According to Ben Knight at Deutsche Welle, the diaries were discovered in Russian military archives in Podolsk, a suburb of Moscow in 2013. The typed diary entries were put together each day by Himmler’s assistants. Knight writes that the new discovery covers the years 1937-1938 and 1944-1945. A previous diary covering 1941-1942 was discovered in 1990. These new documents are slated for publication by the Moscow-based German Historical Institute next year.
But journalist Damian Imoehl got an early look at the documents, excerpts of which he recently published in the German magazine Bild. Many British newspapers have translated these excerpts that paint a chilling picture of a man who easily blended domestic life with acts of mass murder.
“The most interesting thing for me is this combination of doting father and cold-blooded killer,” Imoehl tells David Charter at The Times of London. “He was very careful about his wife and daughter, as well as his affair with his secretary. He takes care of his comrades and friends. Then there is the man of horror. One day he starts with breakfast and a massage from his personal doctor, then he rings up his wife and daughter in the south of Germany and after that he decides to have 10 men killed or visits a concentration camp.”
On the surface, many of the events recorded seem mundane. But when lined up next to historical events, Himmler's snack breaks and calls to his family are repugnant. In one instance, Ofer Aderet at Haaretz reports, the diary records that Himmler ordered that new guard dogs be placed at Auschwitz that could rip people “to shreds.” Another day's entry, Martin Phillips at The Sun reports, casually mentions that Himmler flew to Poland, ate lunch in an airport hotel, then toured the SS Sonderkommando at the Majdanek concentration camp.
The Sonderkommando were units of prisoners forced to dispose of the bodies at concentration camps, as Phillips points out.

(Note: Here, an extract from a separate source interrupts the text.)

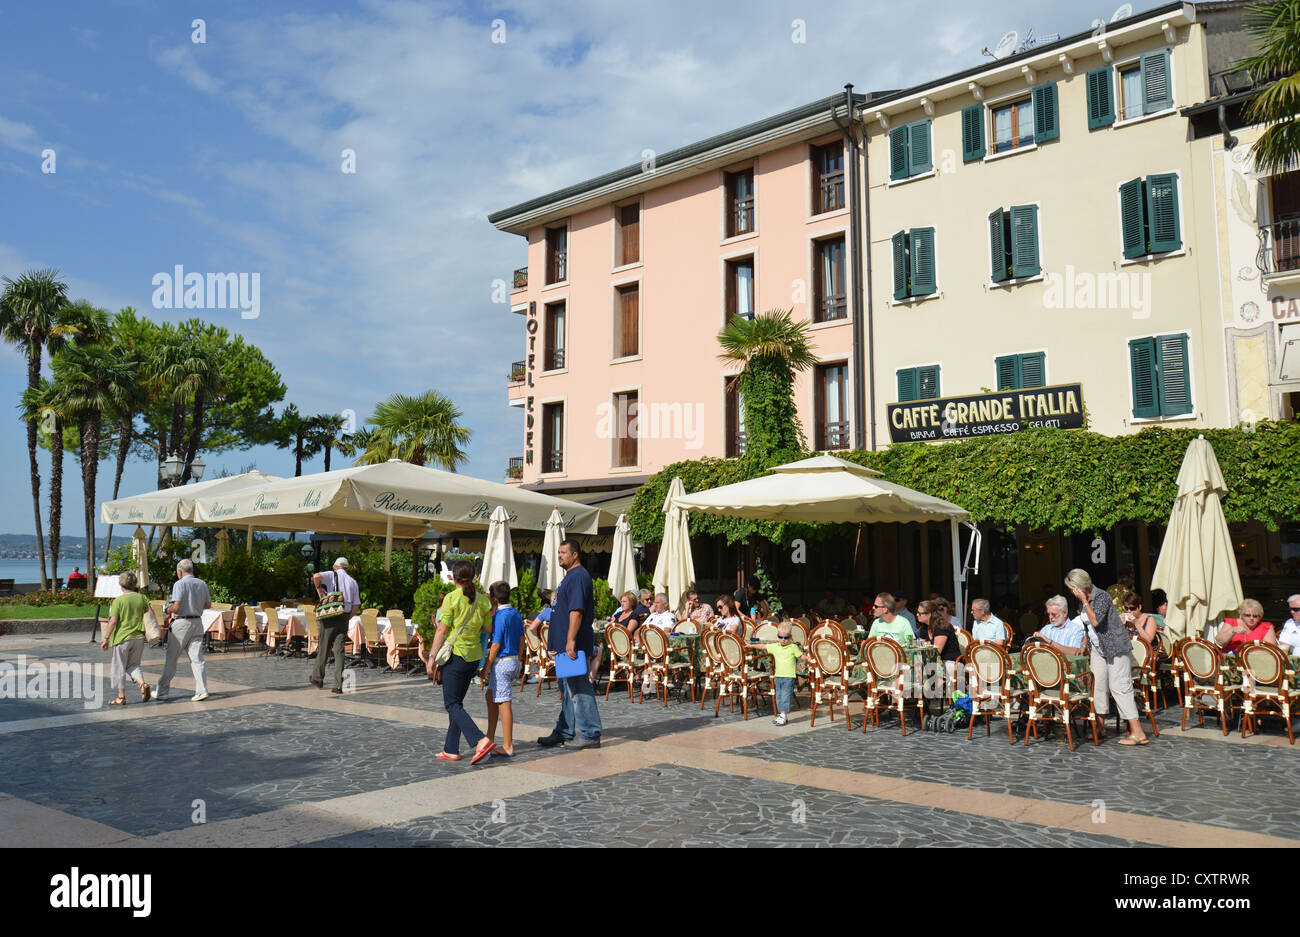 Piazza Carducci, Sirmione, Lake Garda, Province of Brescia, Lombardy Region, Italy Stock Photo

Himmler was there to see a new diesel-powered gas chamber in action, but no new prisoners were scheduled to arrive that day. So he waited while guards rounded up 400 Jewish women and girls from the nearby Lublin ghetto for a demonstration. Later that night, Himmler attended a banquet held in his honor.
One page that James Rothwell at The Telegraph notes, records when Himmler was informed that some police officers in Poland were refusing to fight for their Nazi occupiers. The last entry for the day states “9-10 pm: Orders all ten officers be executed and their families sent to concentration camps before going to bed.”
For historians, the diaries are a big find. “The importance of these documents is that we get a better structural understanding of the last phase of the war,” Nikolaus Katzer, director of the German Historical Institute tells Rothwell. “It provides insight into the changing role of Himmler and insight into the SS elite and overall the entire German leadership.”
Himmler was captured by British soldiers in Berlin in May 1945. He killed himself using a secret cyanide capsule before he could be interrogated. His body was buried in an unmarked grave that has not been revealed to this day.